Some dependencies are implicit, dynamic, or hidden in application logic instead of infrastructure APIs. Serverless flows, async queues, feature flags, and conditional routing often escape static discovery. Even with strong discovery pipelines, the model can only reflect “what we currently know depends on this,” not an absolute truth.

**3. Partial graphs can create false confidence **

A tidy graph can look authoritative even when key edges are missing. That’s risky. During incidents, teams may trust an incomplete blast radius, delay escalation, or misjudge customer impact because the graph appears complete when it isn’t.

**4. Querying the graph safely is non-trivial **

Even with solid data, incorrect queries (especially by AI agents) can skip dependencies or over-expand context. Without scoped traversal and guardrails, the graph can either miss impact or flood responders with noise.

Do you actually need a context graph?

**Skip the graph if: **

You have fewer than 20-30 services

Your infrastructure is single-cloud, single-region

Your team can mentally map the critical paths (< 5 people, low turnover)

Incidents are rare and low-stakes (no SLA commitments, small user base) -> In that case, a bunch of MCP is more than enough!

**Consider it if: **

Dependencies span multiple clouds, clusters, or teams

No single person understands the full system

Mean time to recovery is measured in hours because you're searching for the problem

Compliance or SLA penalties make incidents expensive

**Prove impact: **

If you invest in a context graph, keep the scope driven by operational needs.

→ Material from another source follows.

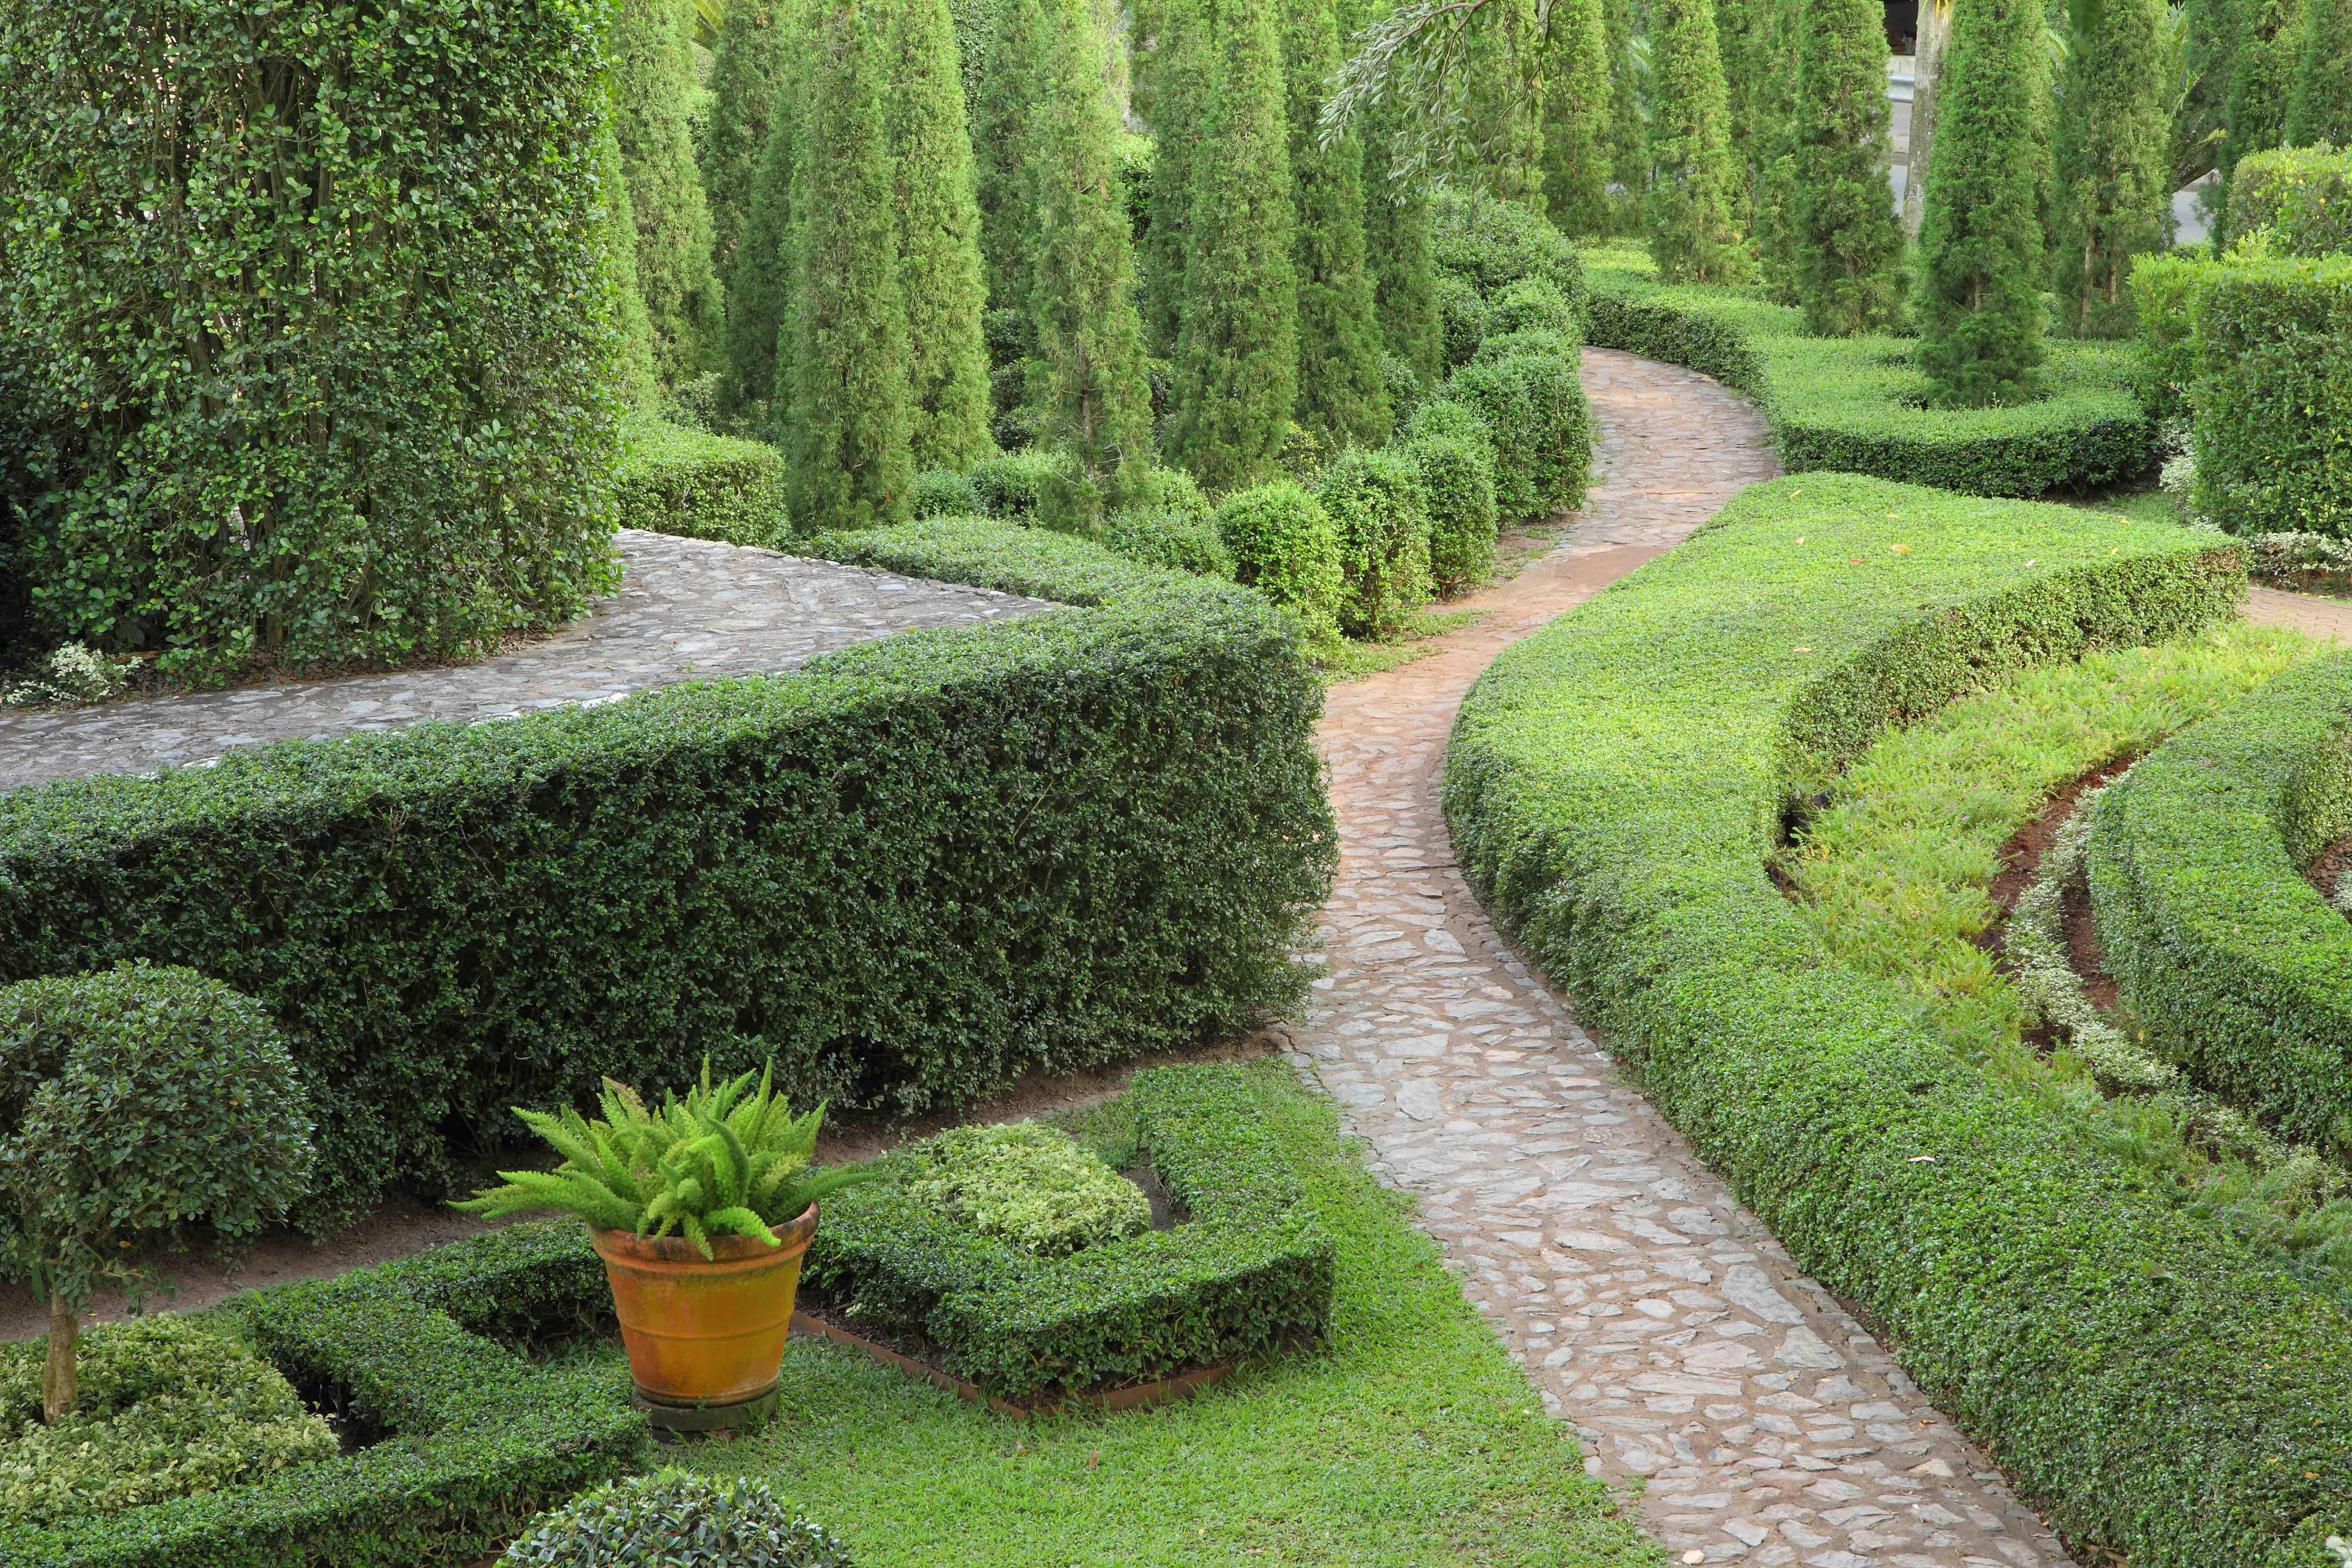 Garden Design 2 - Reaseheath College

The goal is simple: during an incident, can your team or an AI agent identify impact and ownership in under two minutes?

Teams typically either extend existing tools, build a graph in-house, or use an external platform. The right choice depends on internal expertise, tolerance for maintenance, and whether faster incident understanding materially changes outcomes for your business.

**What you can do tomorrow (even without a graph)!: **

Add owner tags to every service.

Surface recent changes. Make deployments, config updates, and infra changes from the last 24 hours easy to inspect.

For key services, maintain a short list of hard dependencies that define blast radius. Link services to impact. Know which services map to which customers and SLAs.